Explain how current weather conditions (e.g. high winds, rain, etc.) are accounted for during the outage.
RAI-PRA-4 Page 8 of Enclosure 2 states that The Unit 1 East-Unit 2 West [Essential Service Water] ESW crosstie is scheduled to be closed for outage work on the Unit 2 West ESW pump. This crosstie valve will be assumed to be closed for this risk analysis.
Given that the schedule for the cable repair has changed since the LAR was submitted, confirm whether the crosstie valve will be closed for the duration of the outage in preparation for the work. Explain the risk impact of the position of the crosstie valve on the extended outage.
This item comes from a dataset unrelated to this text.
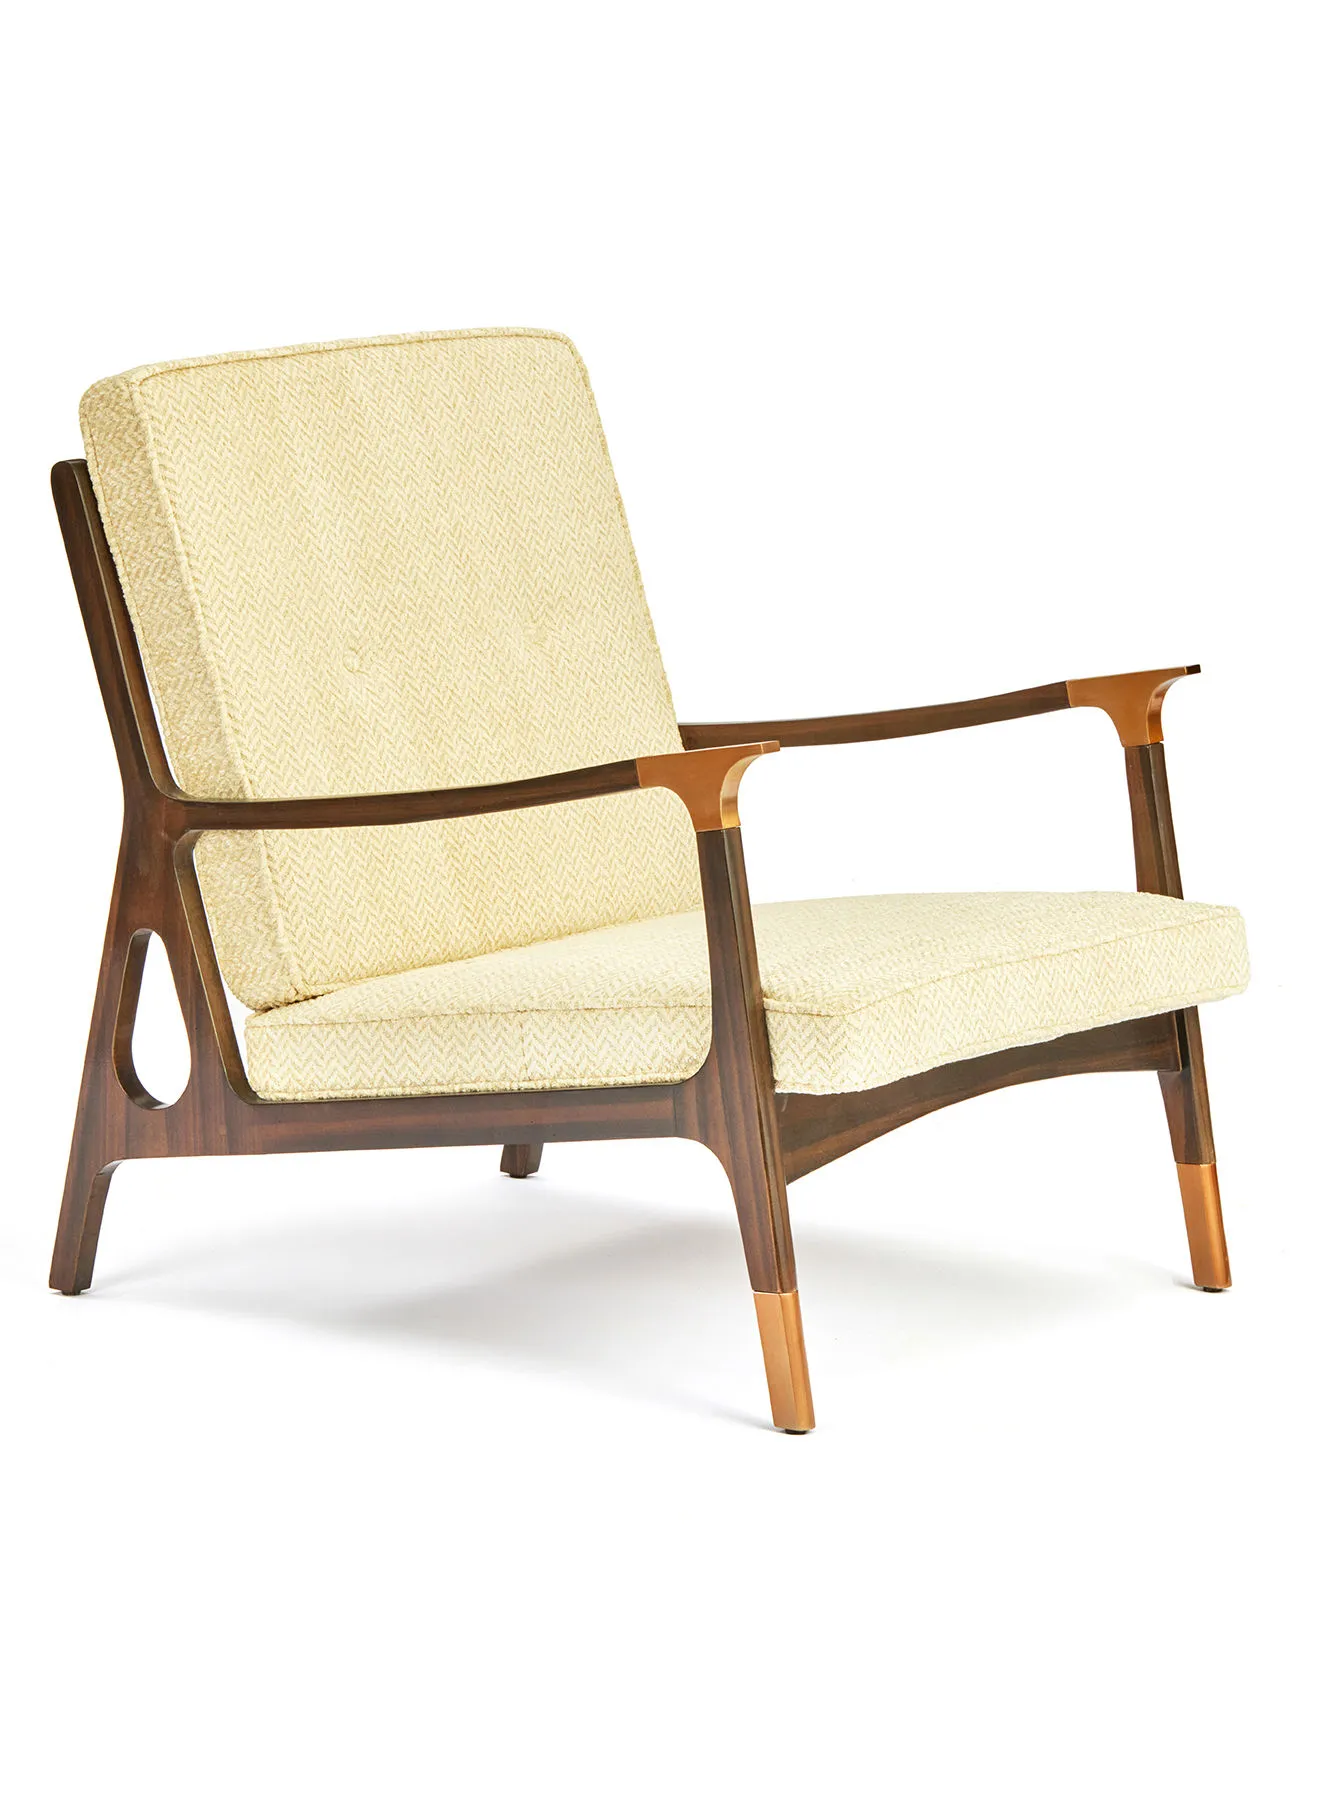 ebb & flow Armchair Luxurious - In Dark Brown Wooden Chair Size 700 X 840 X 760

RAI-PRA-5 Do Incremental Conditional Core Damage Probability (ICCDP) and Incremental Conditional Large Early Release Probability (ICLERP) values that were provided take credit for the supplemental diesel generators described on page 2 of enclosure 2? If so, describe how they were modeled in the PRA (i.e., assumed failure rates, common cause failure model).
RAI-PRA-6 Do ICCDP and ICLERP values that were provided take credit for any FLEX equipment? If so, describe how this equipment was modeled in the PRA (e.g., assumed failure rates, important operator actions).